It’s 6:15 in the morning when I wake up from the noise of water, splashing against the hull at starboard side. It makes me need the toilet, so I decide to get up.
Carefully I make my way towards the bathroom. But walking is extremely difficult.
WRT rocks like hell (is she getting her own back for New Year’s Eve?), and I need to keep my hand on the wall to avoid bouncing into it.
Back in the kitchen I open the Venetian blinds. It’s still dark(ish) but I can clearly see the huge waves that roll towards us. From the wrong direction for our stove (again…).
There is still some glowing coal in the stove, but opening the bottom vent doesn’t restart the fire. I empty the ash pan, and rake the stove, but it just ‘simmers’.
When Lawrance gets out of bed, he rakes the stove again. It improves… a little.
But things are definitely NOT OK. This time we set off our CO-alarm. Not once, but a couple of times. That, and the horrible smell of the backfiring stove, make me seek shelter on the well deck. There it is cold (with one side of the cratch cover open), but at least I get fresh air. But even with the doors closed, I can still hear my small bell, ringing again. It bangs against the wall, and a quick calculation later today reveals that the amplitude is almost 12 cm.
When we had these backfiring problems during the ‘weather bomb’ (see Weather Bomb) I went on the internet, trying to find out what exactly causes the stove to backfire. Because I think that it is not the strong wind, but something else. Yesterday evening we had a strong wind as well, but from a different direction, and the stove was burning fine. I found an article about air pressure that caught my attention. It was about the situation in a house, so I tried to adapt it to a narrowboat.
In a normal situation there is a difference in air pressure between lower down in the boat and higher up. The line between low and high air pressure is called the neutral pressure plane. In the chimney itself there is also a neutral pressure plane, but that is much higher up.
A strong wind directly towards starboard side will create a area of high pressure outside the boat at starboard side.
It also tilts the neutral pressure plane, putting the entire stove in the low pressure zone (and the neutral pressure plane of the chimney even outside the chimney).

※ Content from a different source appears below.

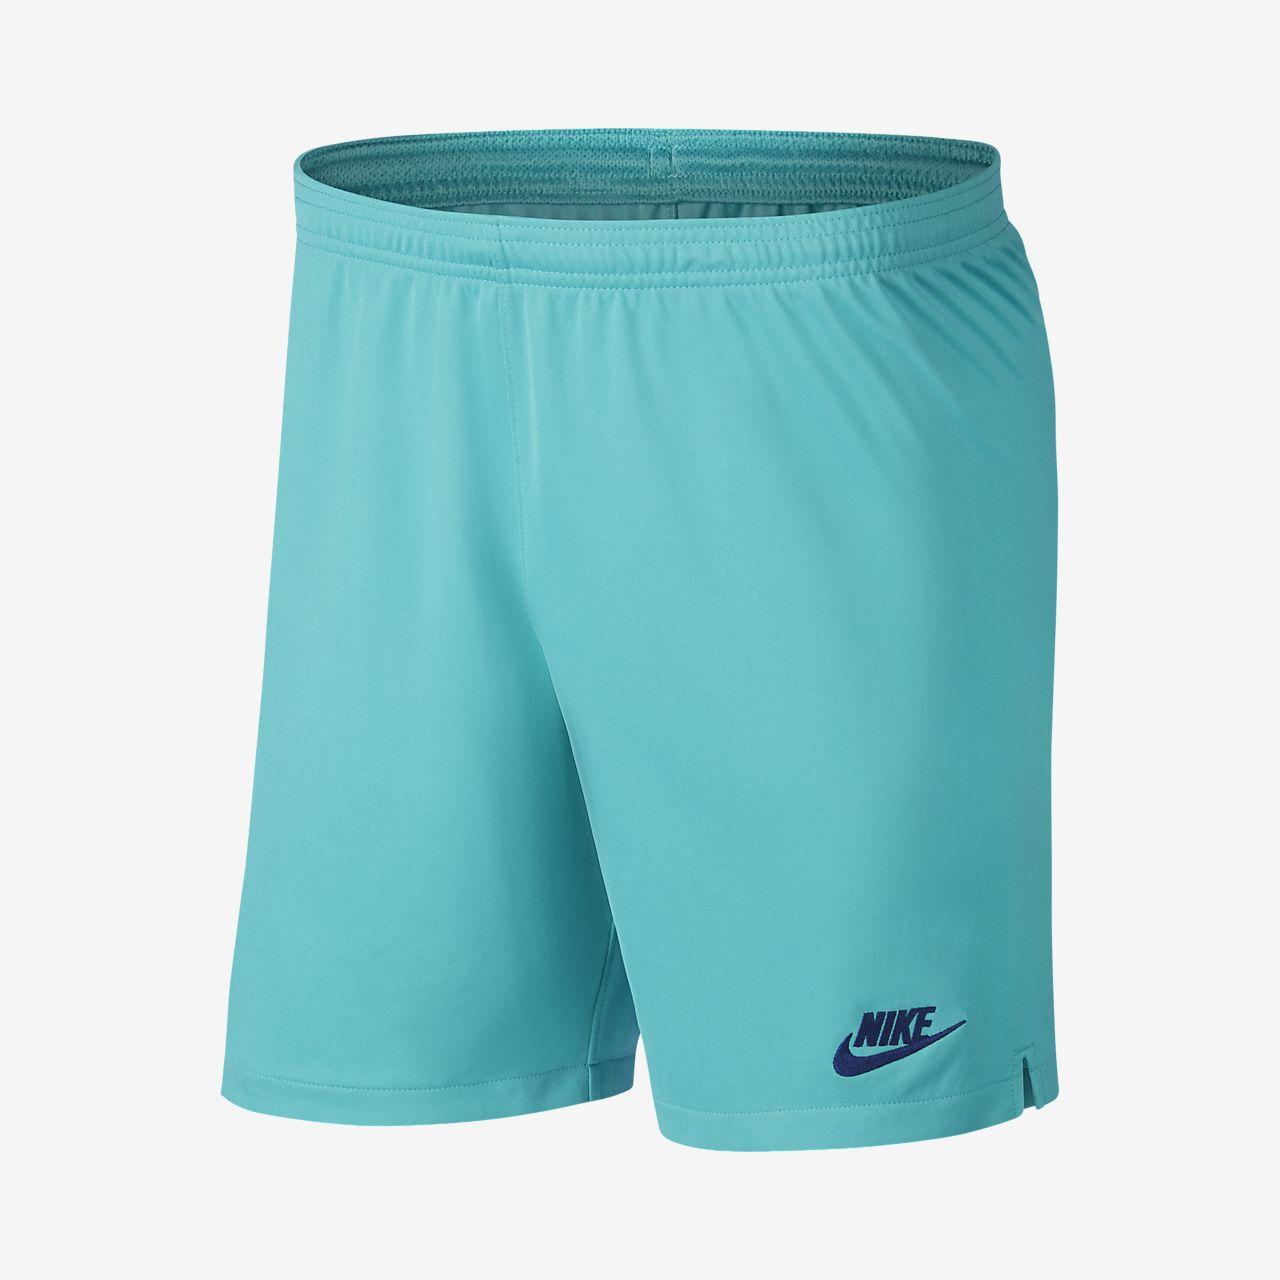 FC Barcelona 2019/20 Stadium Third Men's Football Shorts

The only way to balance the pressure around the stove is… via the chimney.
Hence the smoke puffs, coming out of the vents into the saloon.
Yesterday the wind was directly towards the bow. If the neutral pressure plain tilts accordingly, the stove is in the high pressure zone, and work well. Very well, like it did.
I also found out that, with the strong winds (regardless the wind direction), the flames of the hob burn with a different colour. They are more orange in colour, which means: not enough oxygen.
I’m still puzzled. I know, a lot of people advise us to get a higher chimney, or get a cowl. But I don’t think that will solve the problem. We just need to find out the best way to ventilate the boat. Or turn the boat around, which would keep the chimney’s neutral pressure plane IN the chimney.